Wonder what we do in the ASBMB public affairs department? We advocate to stakeholders (federal science agencies, lawmakers and other organizations); write position statements and comment letters to raise awareness and provide recommendations; organize events; communicate with our members and the public; and much more. I also advocate on issues affecting student and postdoctoral communities, which I’m particularly driven to address, and I manage the Advocacy Training Program.
The ASBMB ATP is a summer externship certificate program that provides science policy and advocacy training for ASBMB members.
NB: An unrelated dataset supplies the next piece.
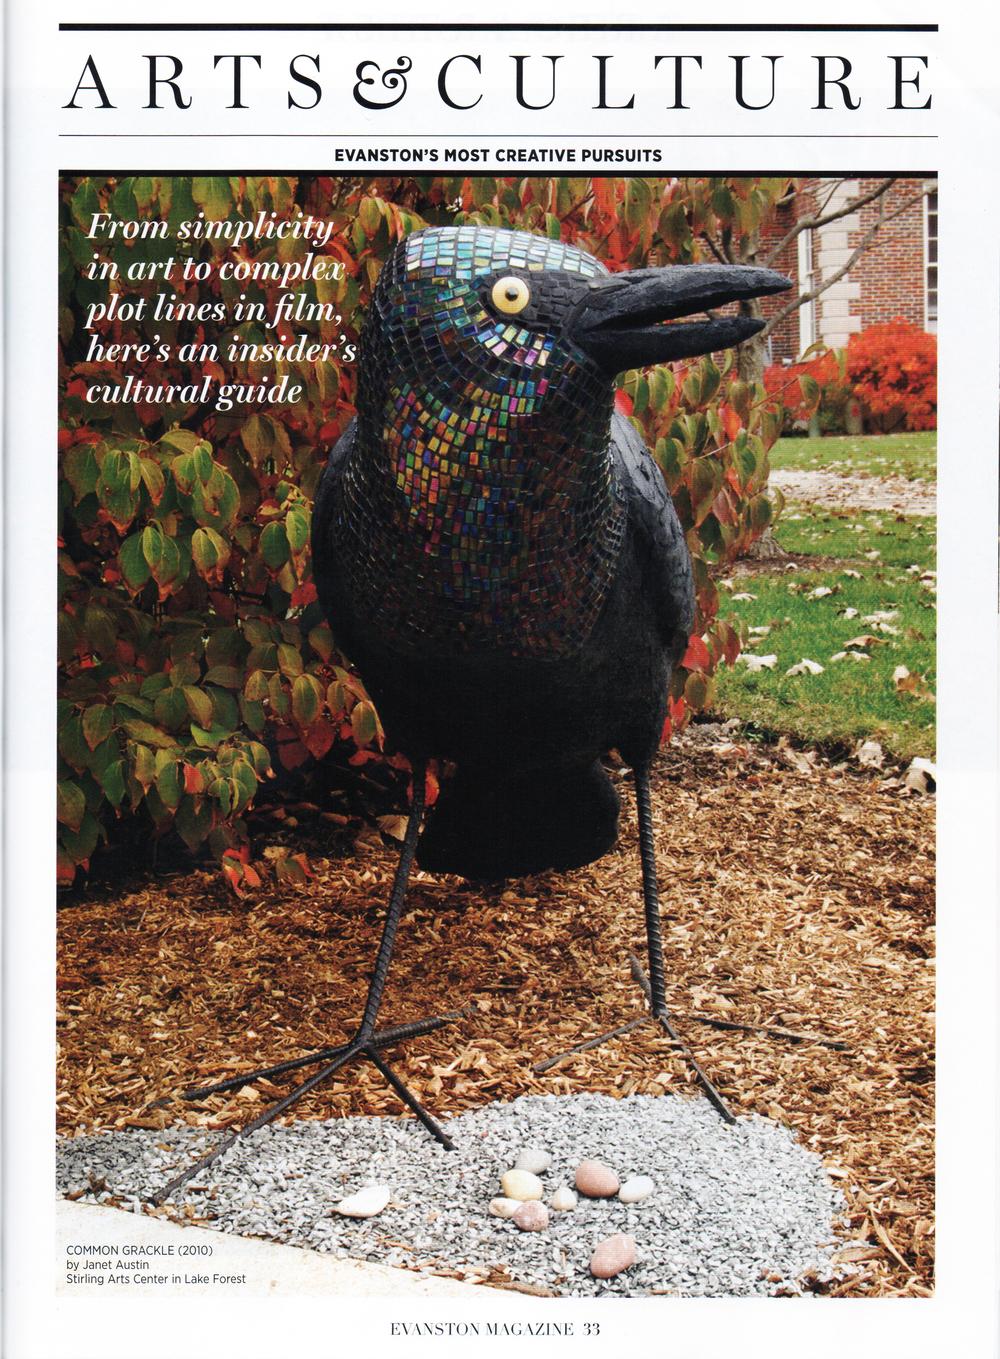 Evanston magazine cover
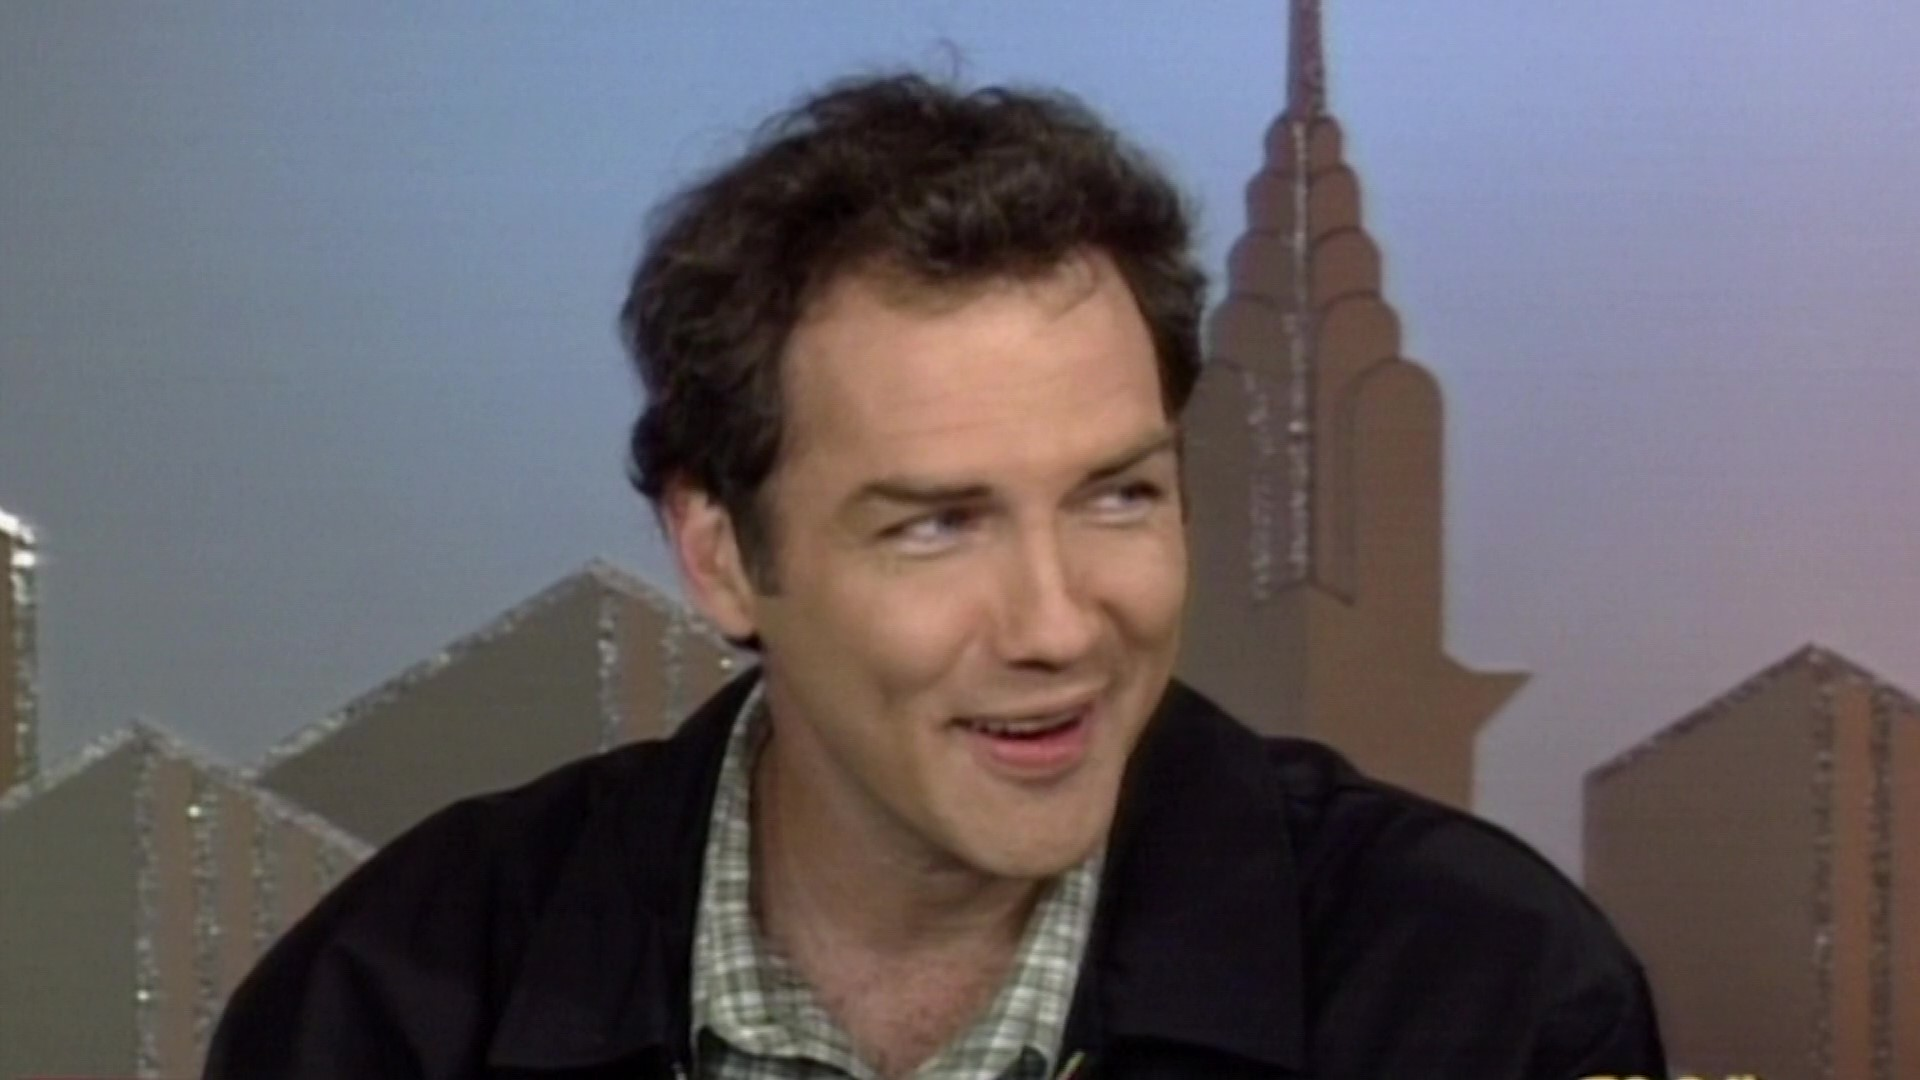 Norm Macdonald, comedian and 'Saturday Night Live' star ...

Participants learn the skills to become effective advocates, and each of them develops materials for an independent project addressing an issue in science policy or in their individual community. By providing the ATP delegates with tools to be independent advocates, I’m arming them with the knowledge and confidence to take action when they see injustice. I’m teaching them how to use their voices — something I wish I’d had back in 2017 to oppose the draft tax bill.
I was helpless to influence that 2017 bill, but it led me to my niche between science and policy, supporting the community that shaped me and fighting for better policies for our future.